Летиция шла к нам медленно, словно нехотя.
– Я беру «Фиат», Мэннинг, – сказала она. –
Заведите мотор, пожалуйста.
– Сию минуту, мисс.
Он подошел к двухместной спортивной машине и поднял капот.
– Можно вас на минуту, мисс Протеро? – сказал
Слак. – Мне необходимо знать, кто где был вчера во второй половине дня.
Простая формальность, не обижайтесь.
Летиция смотрела на него, широко раскрыв глаза.

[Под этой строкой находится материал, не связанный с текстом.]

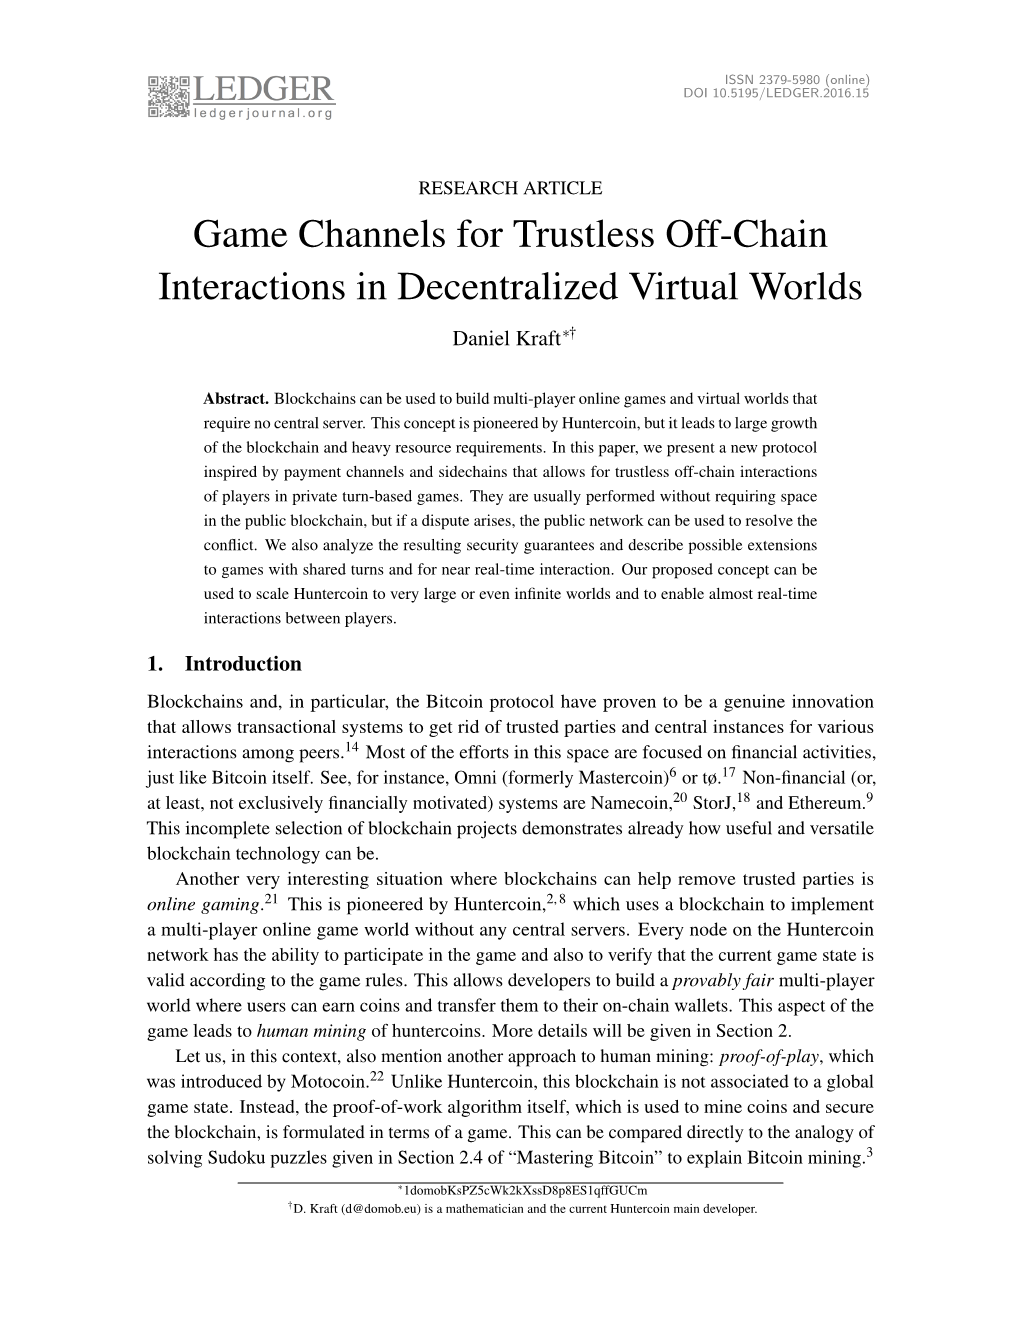 Game Channels for Trustless Off-Chain Interactions in Decentralized Virtual Worlds Daniel Kraft∗†

– Да я сроду не смотрю на часы!
– Насколько я знаю, вчера вы ушли из дому вскоре после
ленча?
Она кивнула.
– А куда, разрешите узнать?
– Играть в теннис.
– С кем?
– С семьей Хартли Напье.
– Из Мач-Бенэма?
– Да.
– А когда вы вернулись?
– Не знаю. Я же вам сказала, что никогда не смотрю на часы.
– Вы вернулись, – сказал я, – около половины
восьмого.
– А, верно, – сказала Летиция. – Прямо в разгар
представления. Анна в истерике, а Гризельда ее утешает.
– Благодарю вас, мисс, – сказал инспектор. – Это
все, что я хотел узнать.
– Только-то? – сказала Летиция. – Вы меня
разочаровали.
Она пошла от нас к «Фиату».
Инспектор украдкой дотронулся до своего лба и шепотом
спросил:
– Что, малость не в себе?
– Ничего подобного, – сказал я. – Но ей нравится
такой казаться.
– Ладно. Пойду допрошу прислугу.
Заставить себя полюбить инспектора Слака – свыше сил
человеческих, но его кипучей энергией нельзя не восхищаться.
Мы расстались, и я спросил у Ривза, где я могу найти миссис
Протеро.
– Она прилегла отдохнуть, сэр.
– Тогда я не стану ее беспокоить.
– Может, вы подождете, сэр, я знаю, миссис Протеро хотела
обязательно с вами повидаться. Она сама сказала за ленчем.
Он провел меня в гостиную, включил свет – занавески были
опущены.
– Какие печальные события, – сказал я.
– Да, сэр. – Голос дворецкого звучал холодно, хотя и
почтительно.
Я взглянул на него. Какие чувства кипят под этой маской
вежливого равнодушия? Может быть, он знает что-то, но не говорит? Трудно найти
что-либо более неестественное для человека, чем маска вышколенного слуги.
– Еще что-нибудь угодно, сэр?
Мне почудилось, что за этим привычным выражением таится
хорошо скрытая тревога.
– Нет, ничего, – ответил я.
Мне не пришлось долго ждать – Анна Протеро вышла ко мне
очень скоро. Мы поговорили о некоторых делах, а потом она воскликнула:
– Какой чудный, добрый человек доктор Хзйдок!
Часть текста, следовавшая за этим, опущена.